So there I was, in downtown Shanghai for almost 24 hours, yet I still hadn't scalded my mouth. And I was getting cranky, because really, I wanted to scald my mouth.
Which sounds kinda strange, but if you want to eat Shanghai's famous soupy dumplings, xiao long bao, those silky little dumplings filled with pork and a fragrant soup, you're going to have to scald your mouth, or at least your lips, and possibly your nostrils if one squirts the wrong way.
Leo and I were on a quick six day visit to Shanghai with his work, and we had a very full schedule of activities that we needed to attend, and none of them involved much dumpling action. Sure, there were fantastic sidecar rides at sunset, an acrobatic circus, a visit to the historic water village, Zhujiajiao, rooftop cocktail parties overlooking the majestic night sky of The Bund and a pep talk by Andre Agassi, but dumplings...where were the dumplings?
I love food shopping at the best of times, so a trip to a Chinese grocery store was a must do, on our first free morning we headed to the famous shopping strip, Nanjing Road and ignoring the luxury clothing stores, went straight to Shanghai's First Food Hall. Three floors of mysteries Chinese food heaven, bursting with people and stalls selling everything from chewy sweets covered in sesame seeds, ginseng, durian fruit, and workers painstakingly peeling the pith off giant ruby fleshed pomelos. There were exquisite chocolatiers, French patisseries, mountains of unnamed dried fruits, cured pork legs and sausages, dried fish, cheap cigarettes and expensive whiskey.

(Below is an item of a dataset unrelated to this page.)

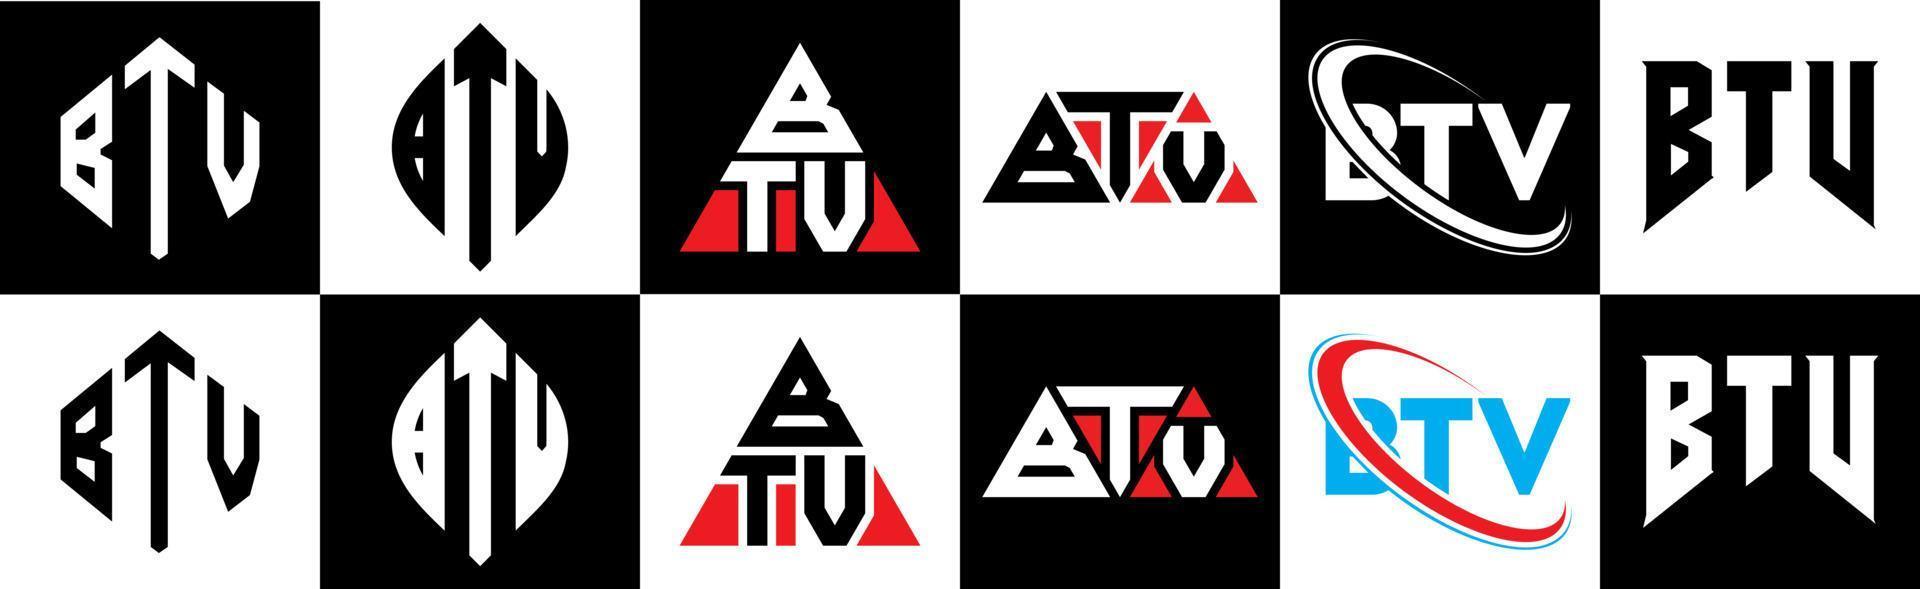 btv-Buchstaben-Logo-Design in sechs Stilen. btv polygon, kreis, dreieck, sechseck, flacher und einfacher stil mit schwarz-weißem buchstabenlogo in einer zeichenfläche. BTV minimalistisches und klassisches Logo vektor

We climbed to the top floor to the food court and joined the queue at Yang's Fried Dumplings for shengjian, the doughier pan fried cousin to xiao long bao. Imagine a soft steaming bun, with a crunchy fried bottom, sprinkled with sesame seeds and green onion, so good! Finally, dumplings!
With a bag full of chewy sesame treats, green tea, cookies, White Rabbit candy and burnt lips, we headed back to the hotel satisfied with full bellies.
During our visit we did manage to slurp on many nourishing bowls of broth filled with silky noodles, scoff several rounds of xiao long bao and nibble on warm flaky moon cakes, but the stand out culinary highlight was discovering Untour Shanghai.
The day we were flying out we lucked out on two spots in their Street Food Breakfast Tour. That's when I really did fall in love with Shanghai, after eating this breakfast of champions. We ditched the hotel buffet, made a run for the early morning meeting point then headed straight for the bustling strip of Xiangyang Food Stalls.
Kicking off the tour, our guide Li bought us loads of steamed buns filled with everything from garlicky greens, to spiced pork or sweet black sesame, then we scoffed Shanghai's famous crispy pancake (jianbing), savoury egg puffs (jidan bing) and washed it all down with warm freshly made soy milk, then started on pot sticker dumplings (guotie), scallion oil noodles made to order, and of course, the best round of xiao long bao from the Loushi Dumpling Shop (forget Din Tai Fung.) We had just enough room to finish off with Lillian's egg tarts. I loved every mouthful and wish I could go back and do it all again. Everyday in fact. For breakfast.
We stuffed ourselves so much that we didn't need to eat anything until we got back to Sydney. Which was a good thing because you can't really eat much anyway when you've burnt the roof of your mouth.
Oh Shanghai, so many dumplings, so little time.